6-Al direttore - “La verità è una stella fredda”, così mi gela la fine di un suo editoriale. Io penso piuttosto che la verità sia acuminata e tagliente come una spada e insieme calda come il fuoco, non è fatta per brillare solitaria e lontana. Dio aveva capito che non era bene che l’uomo fosse solo, e creò la donna. Per noi trinitari (se mi è lecito dirlo con la dovuta riverenza) Dio stesso è una società. Questo triplice enigma è confortante come il vino e aperto come un focolare inglese; questa cosa che turba l’intelletto, calma completamente il cuore: ma dal deserto, dai luoghi aridi dei terribili soli, vengono i crudeli figli del Dio solitario: i veri unitari che con la scimitarra in mano hanno devastato il mondo.

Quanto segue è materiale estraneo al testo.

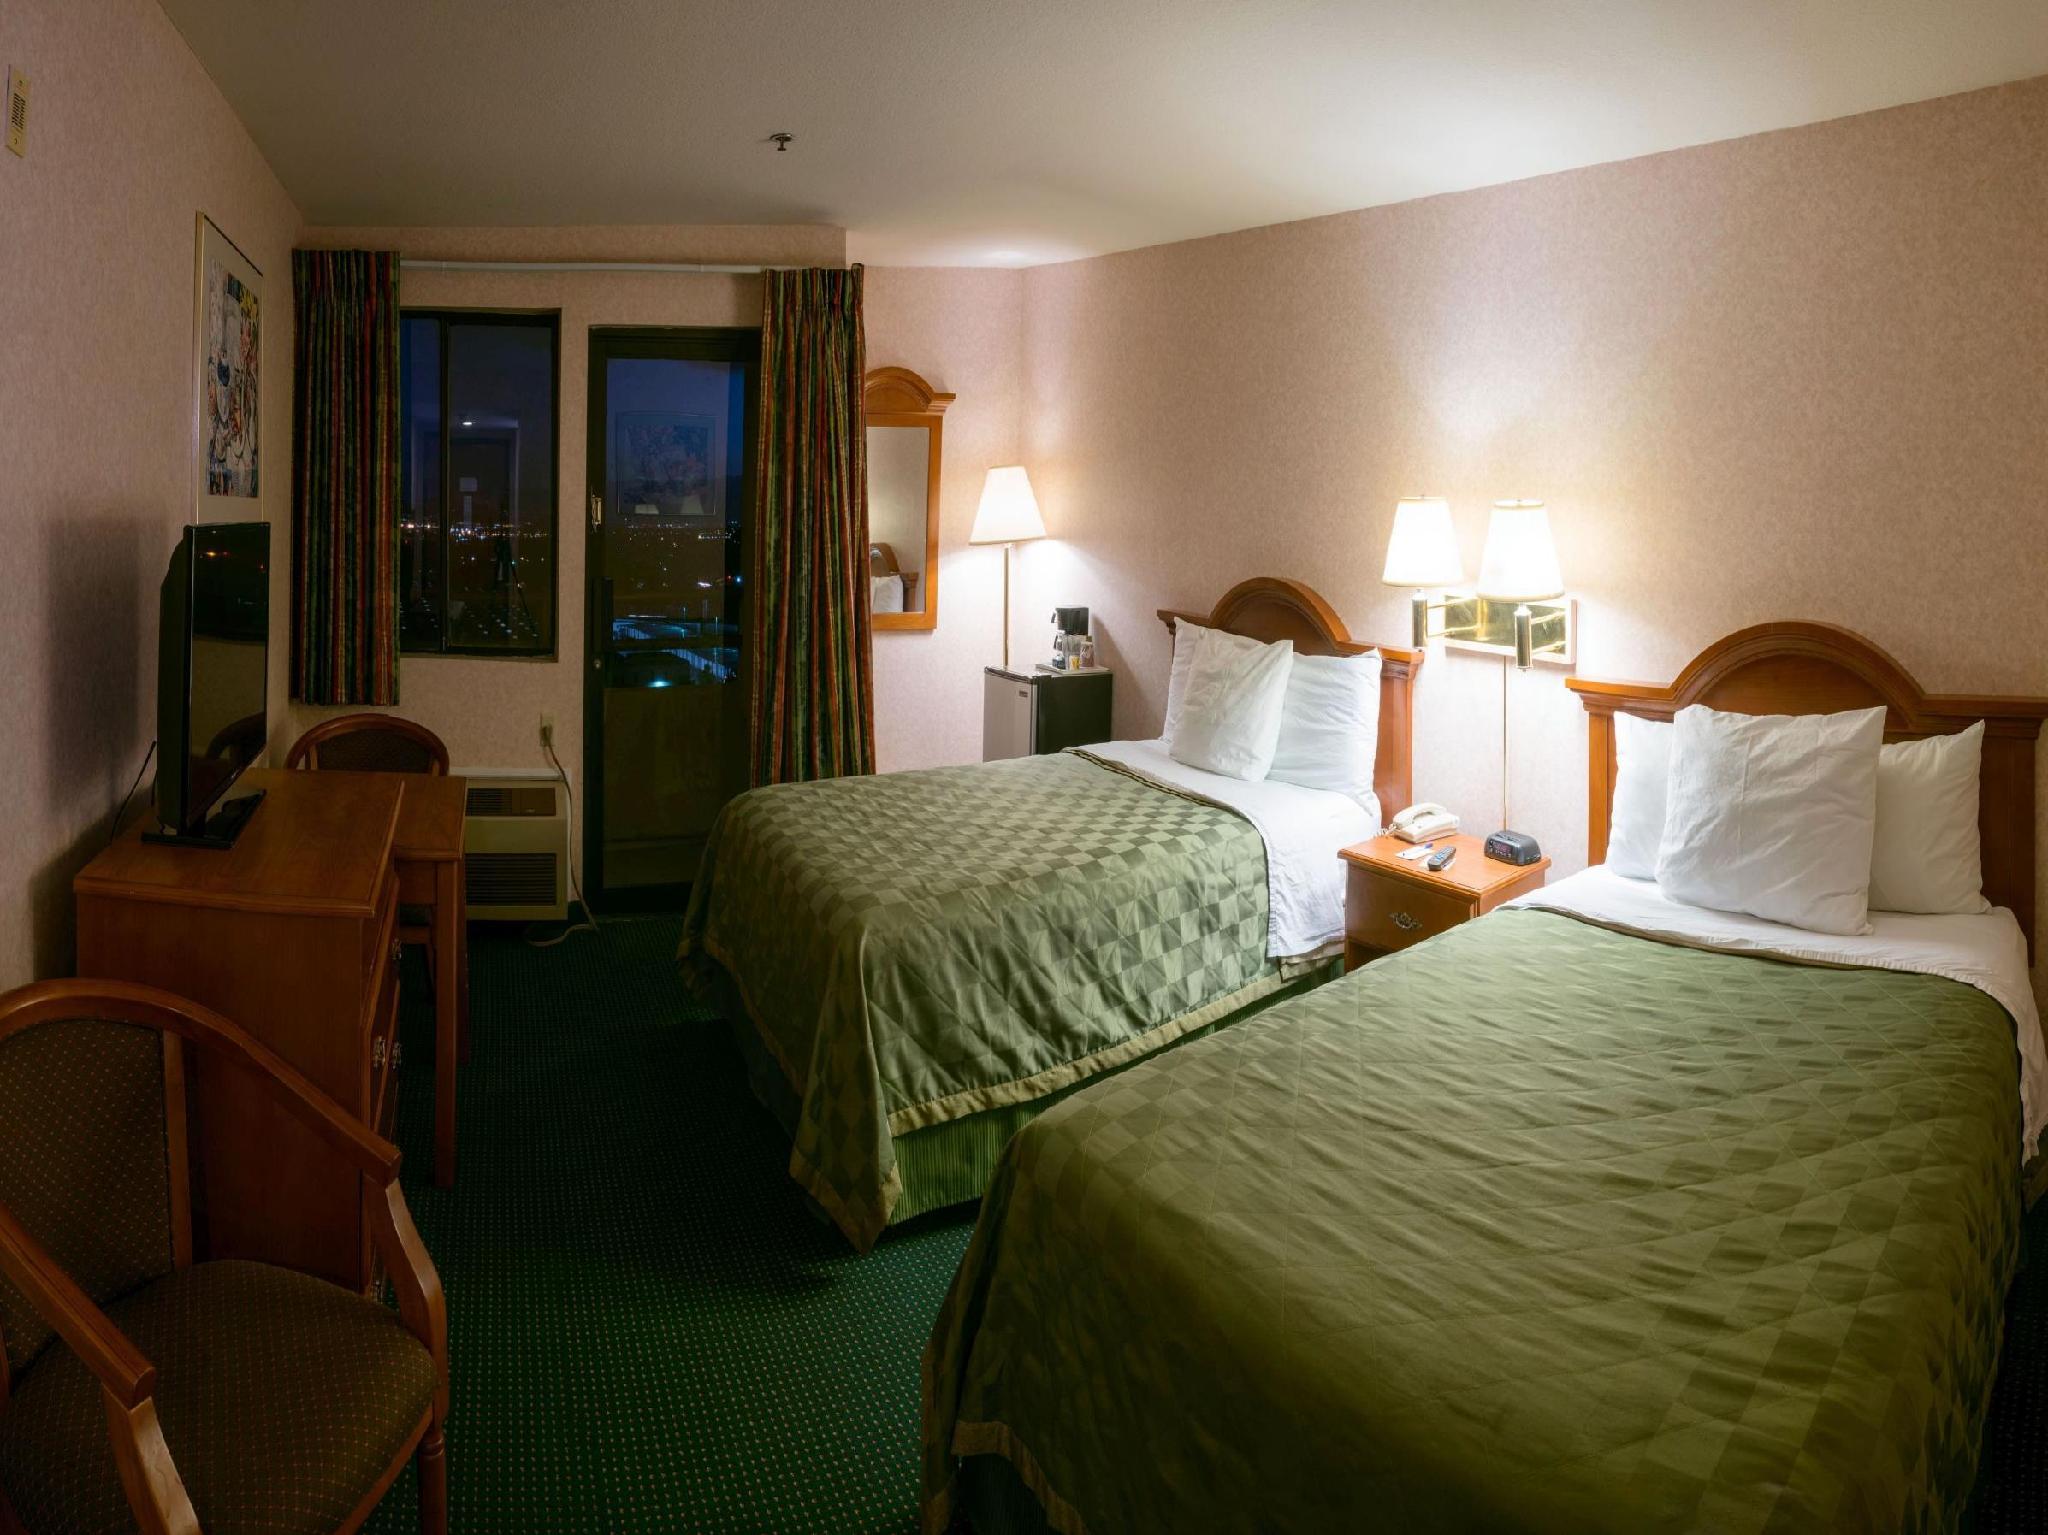 2 Double Beds Nonsmoking Hills Garden Hotel San Bernardino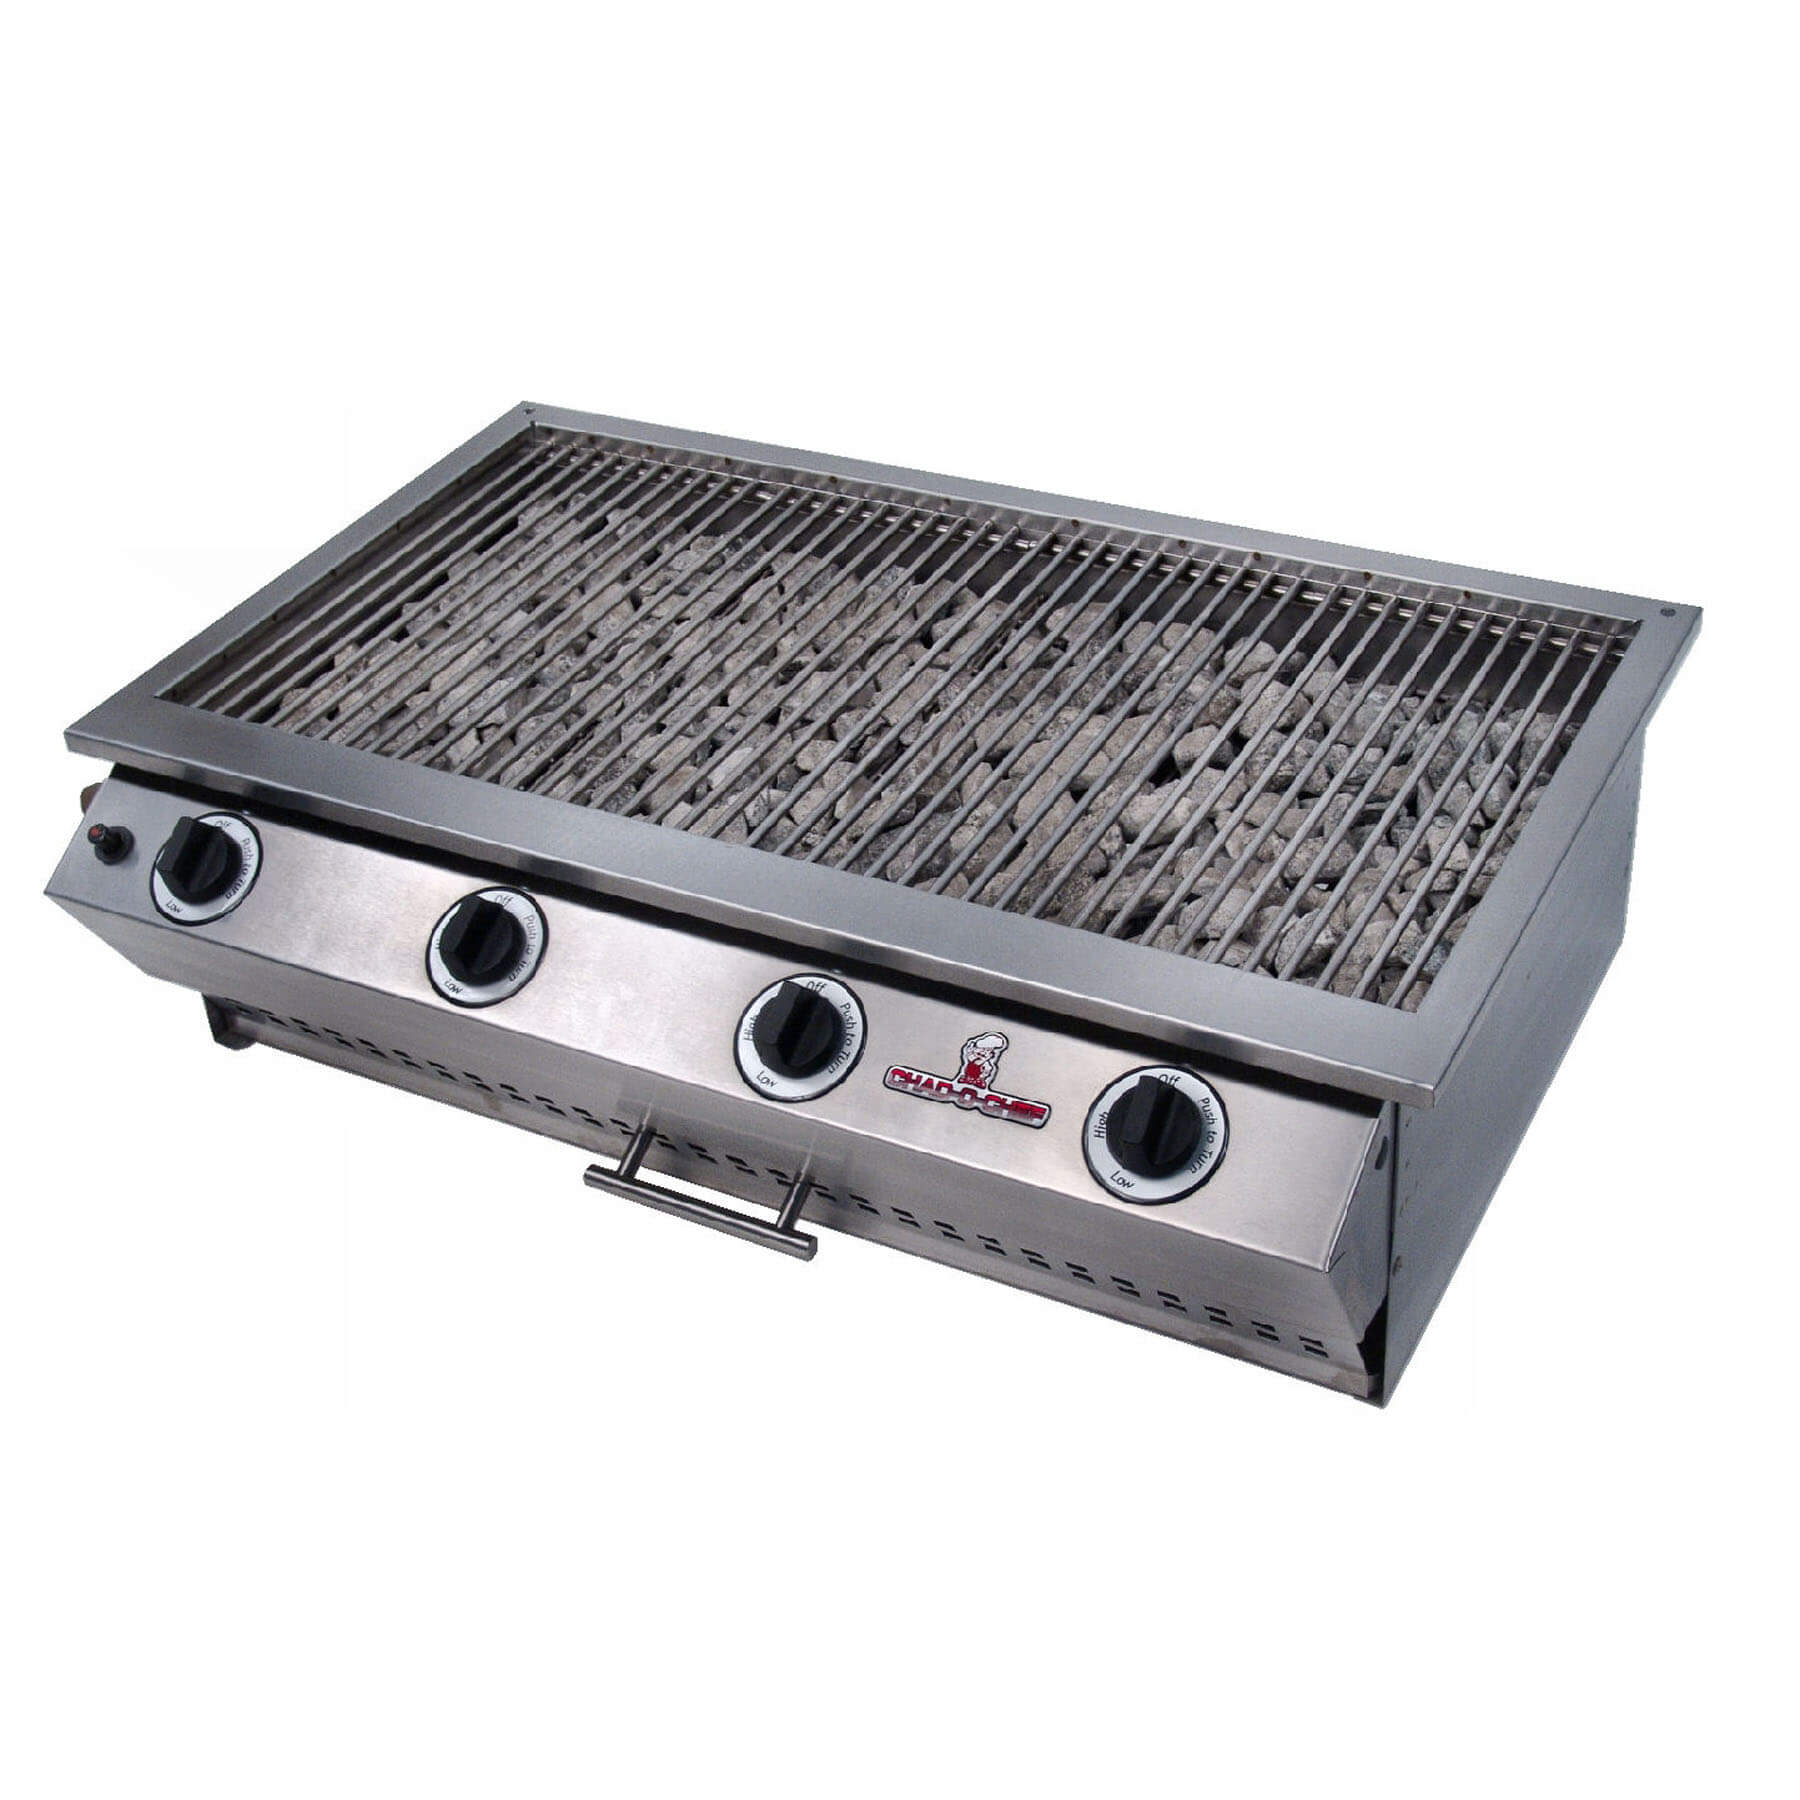 Braais-Gas-4-Burner-Sizzler-Gas-Grill

Perché non è bene che Dio sia solo. Ovviamente non è farina del mio sacco, è il paradossale Chesterton dell’Ortodossia, e della Chiesa viva. Un sacco, il paradosso che tiene insieme l’ortodossia e la chiesa viva, al quale mi piace quotidianamente attingere. Con amicizia.

Ubaldo Casotto

7-Al direttore - I profili biografici di Salvatore Merlo su discussi, e non sono pochi, personaggi della nostra politica sono indubbiamente tra i pezzi più ironici e direi divertenti che il Foglio ci regala e quello di quest’oggi su Alfano è da antologia perché, da solo, sarebbe riuscito a mettere Ko chiunque ma non il nostro “senza quid” che da lì non si muoverà mai, indistruttibilmente inchiodato al suo Viminale.

Vincenzo Covelli

Alfano ci perdonerà, siamo faziosi.

8-Al direttore - Una bella scritta letta nel teatro Odeon a Parigi nel maggio del 1968, e che oggi è più attuale che mai: “Lavoratore tu hai venticinque anni, ma il tuo sindacato è del secolo scorso. Per cambiare vieni da noi!”.